Please print, exactly, only the lines in the entries below from the line that has "HCISD Board of" through the line that has "NFL: Kenosha native". Pictures don't go in.
### Given records ###
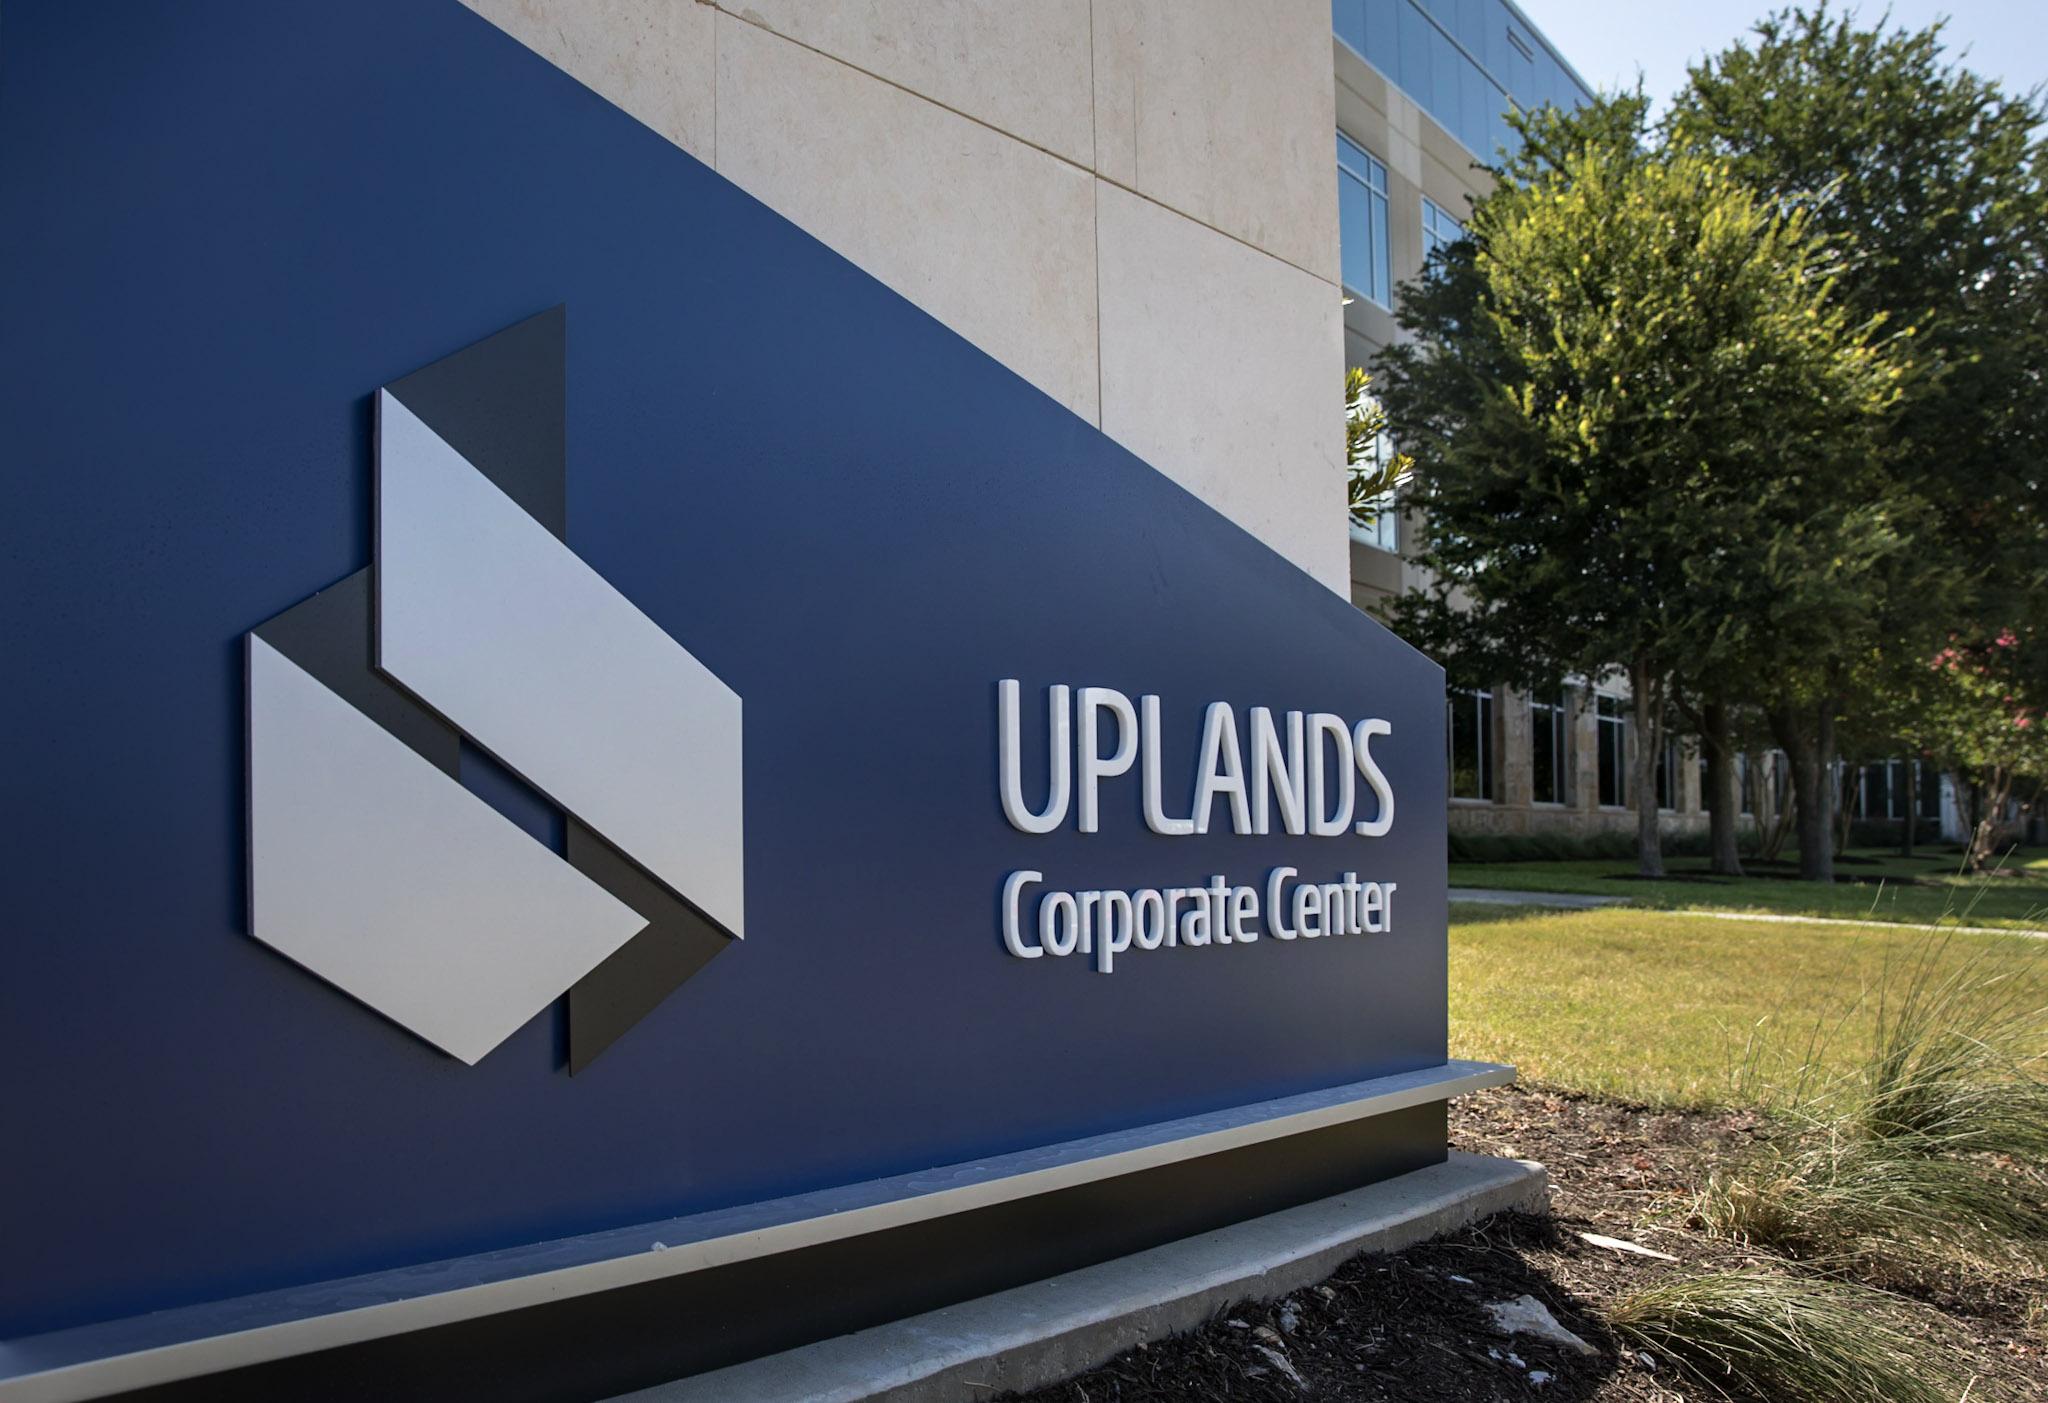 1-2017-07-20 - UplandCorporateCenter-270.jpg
###
### Given records ###
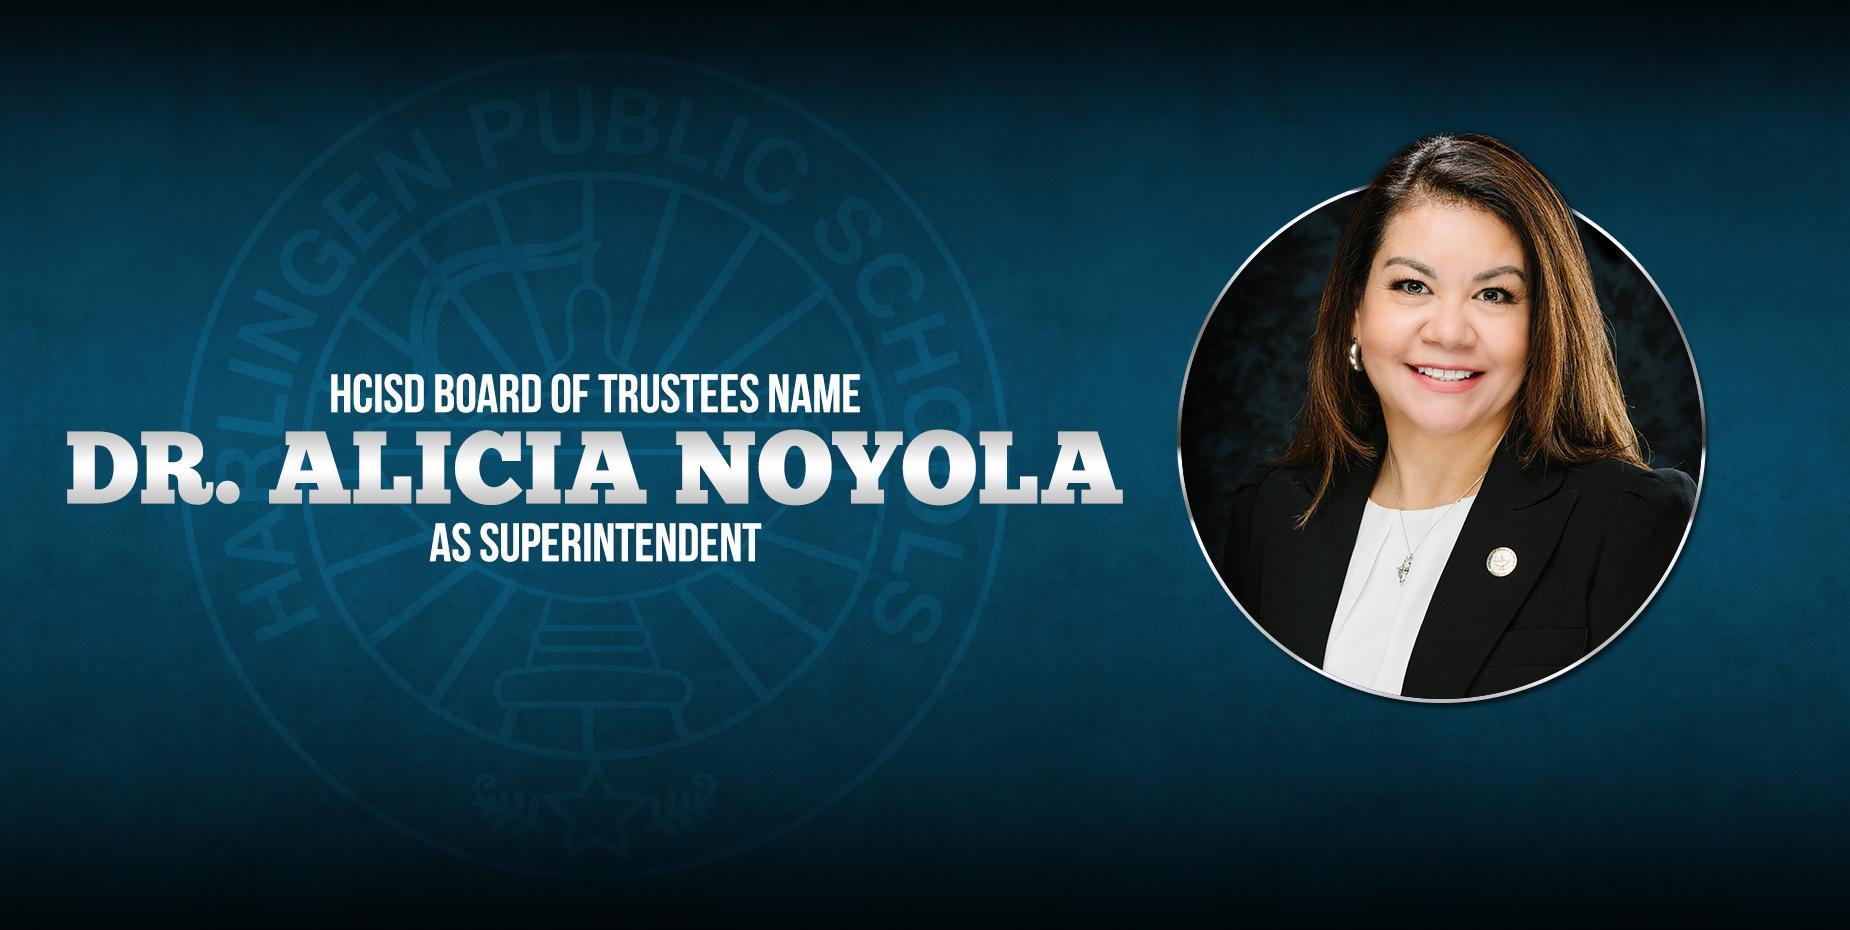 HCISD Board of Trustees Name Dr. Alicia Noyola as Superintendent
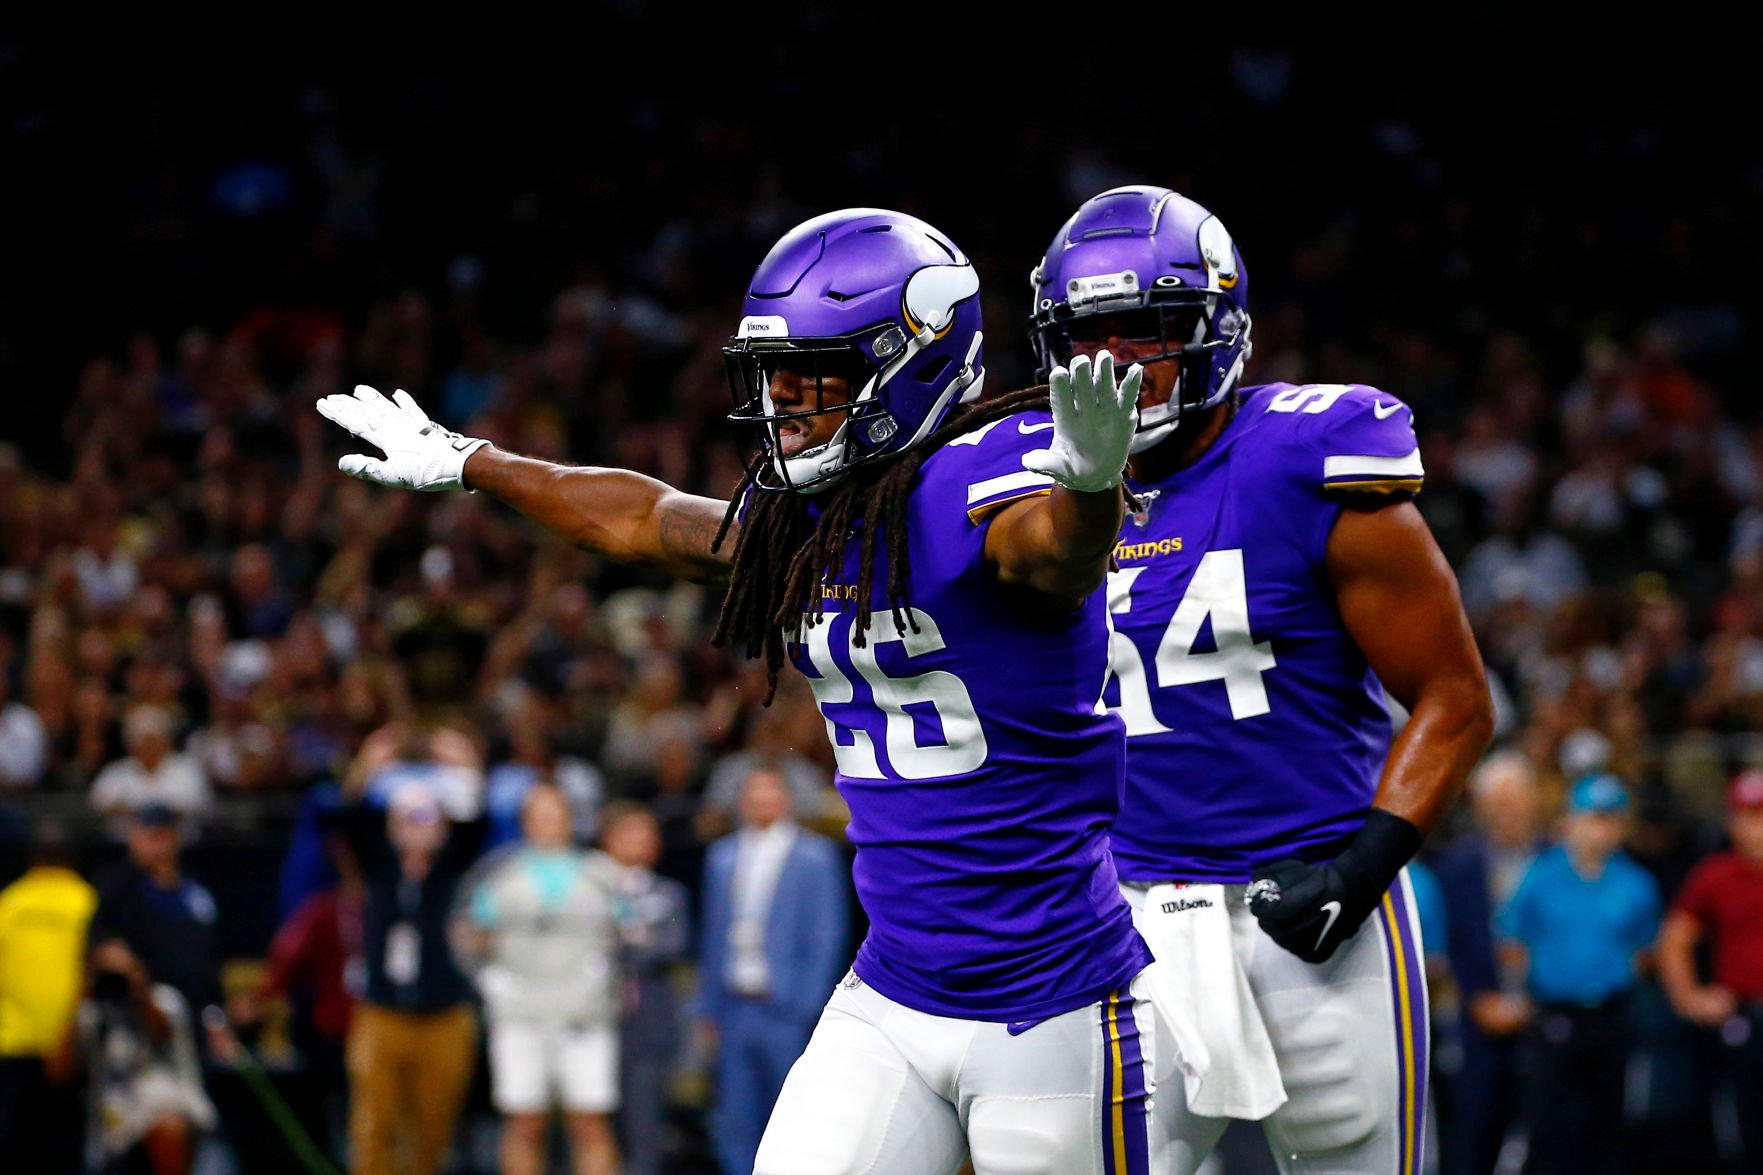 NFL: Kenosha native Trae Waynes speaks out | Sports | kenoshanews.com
###
### Given records ###
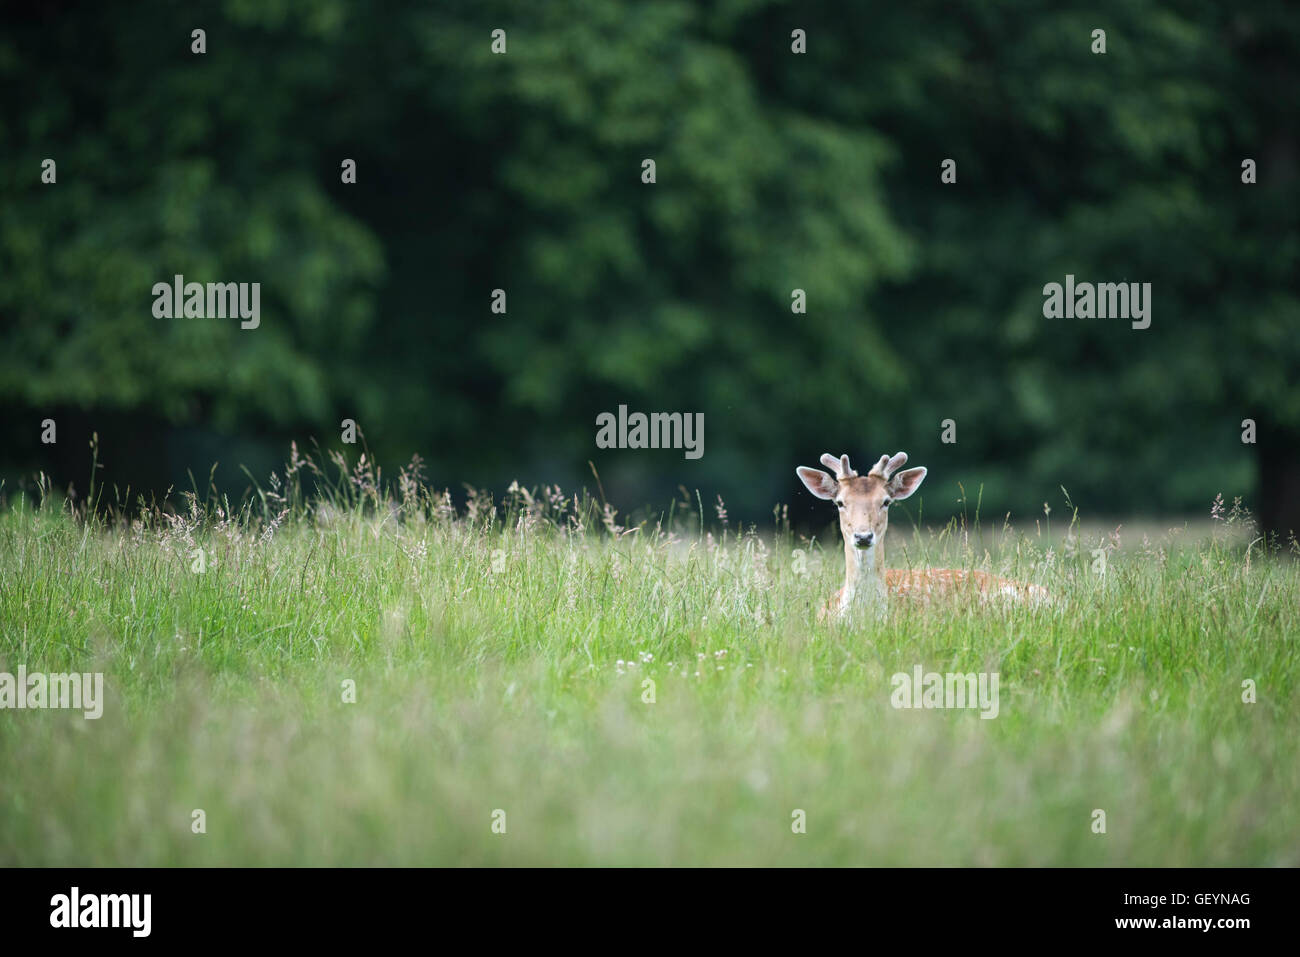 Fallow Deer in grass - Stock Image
###
— Answer box —
 HCISD Board of Trustees Name Dr. Alicia Noyola as Superintendent
 NFL: Kenosha native Trae Waynes speaks out | Sports | kenoshanews.com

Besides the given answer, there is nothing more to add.